Kedua, hendaknya berusaha untuk memahami dan mengerti kemarahan pasangan. Setiap orang memiliki ekspresi kemarahan yang khas, tidak selalu sama dengan orang lainnya. Oleh karena itu, setiap kita harus berusaha mengenali ekspresi kemarahan pasangan, dan tingkat atau level kemarahannya. Dengan mengenalinya, kita akan tahu betapa marahnya pasangan walaupun hanya diekspresikan lewat sikap diam dan mimik muka dingin.
Saat mengetahui pasangan tengah marah, hendaknya anda berusaha mendekat dan menenangkannya.

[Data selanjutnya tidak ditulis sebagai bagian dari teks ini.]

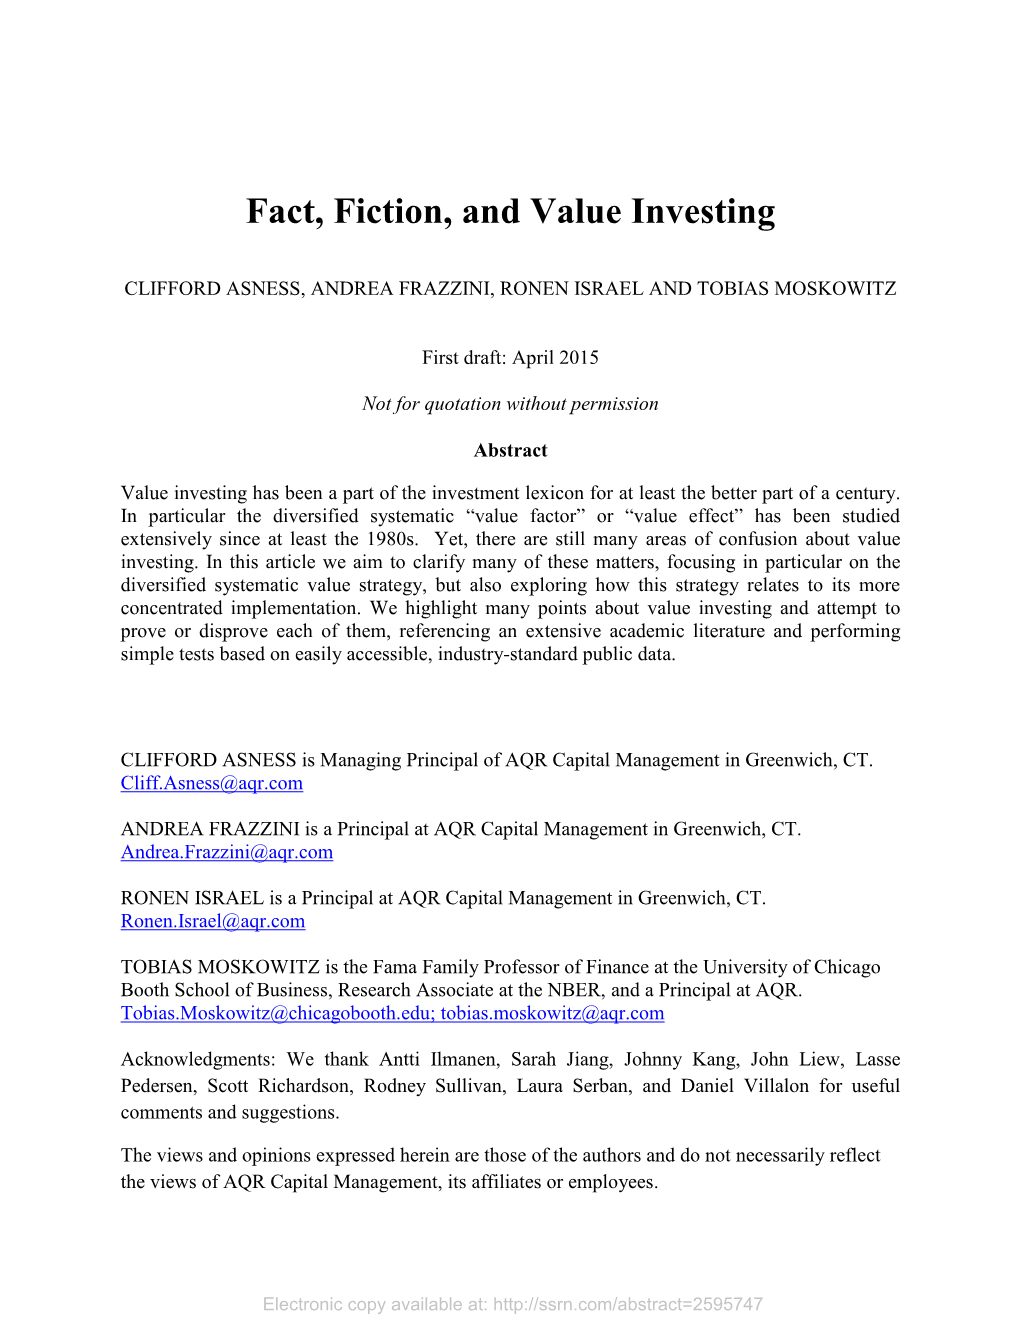 Fact, Fiction, and Value Investing
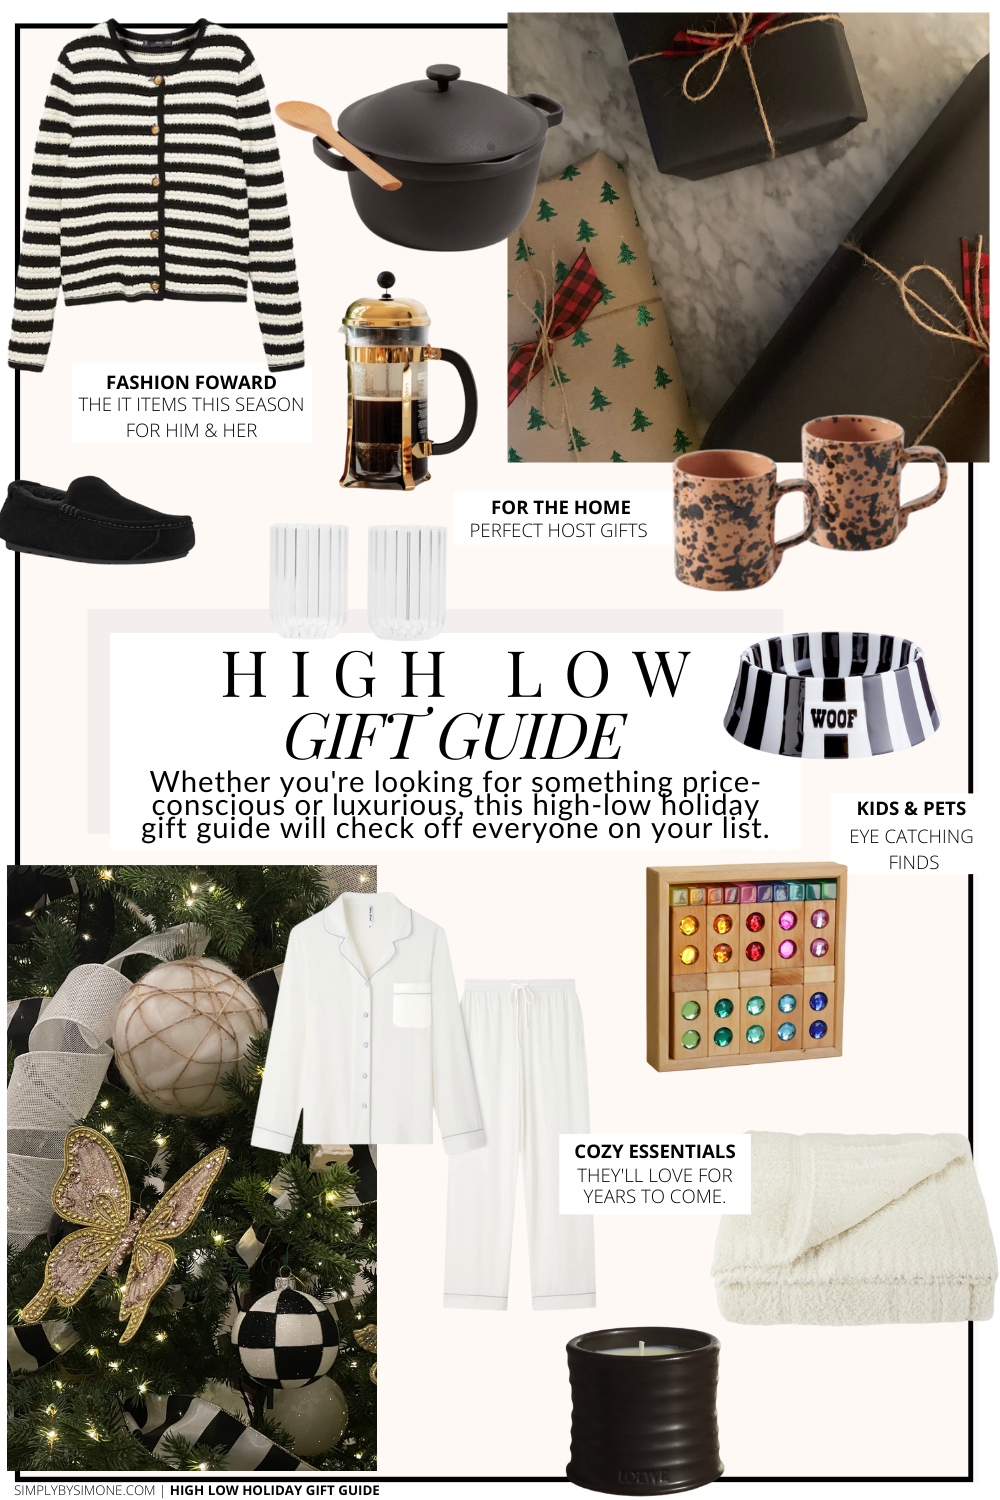 Exceptional Gifts At Any Price: High Low Holiday Gift Guide

Sangat bagus jika sejak awal anda sudah memiliki kesepakatan dengan pasangan tentang “sikap yang diharapkan pasangan saat ia marah”. Dengan itu anda akan tahu apa yang menyenangkan serta menenangkan hati pasangan saat ia tengah marah kepada anda. Ikut marah, membalas kemarahan dengan kemarahan, atau meninggalkan pasangan yang tengah marah, bukanlah tindakan yang tepat. Jika salah satu tengah marah, yang lainnya harus berusaha cool dan tetap tenang.
Jika tidak mengerti kemarahan pasangan, anda merasa ia baik-baik saja, padahal tengah menyimpan ‘bom waktu’ yang siap meledak setiap saat. Berhati-hatilah.
Selamat pagi, selamat beraktivitas. Salam Kompasiana.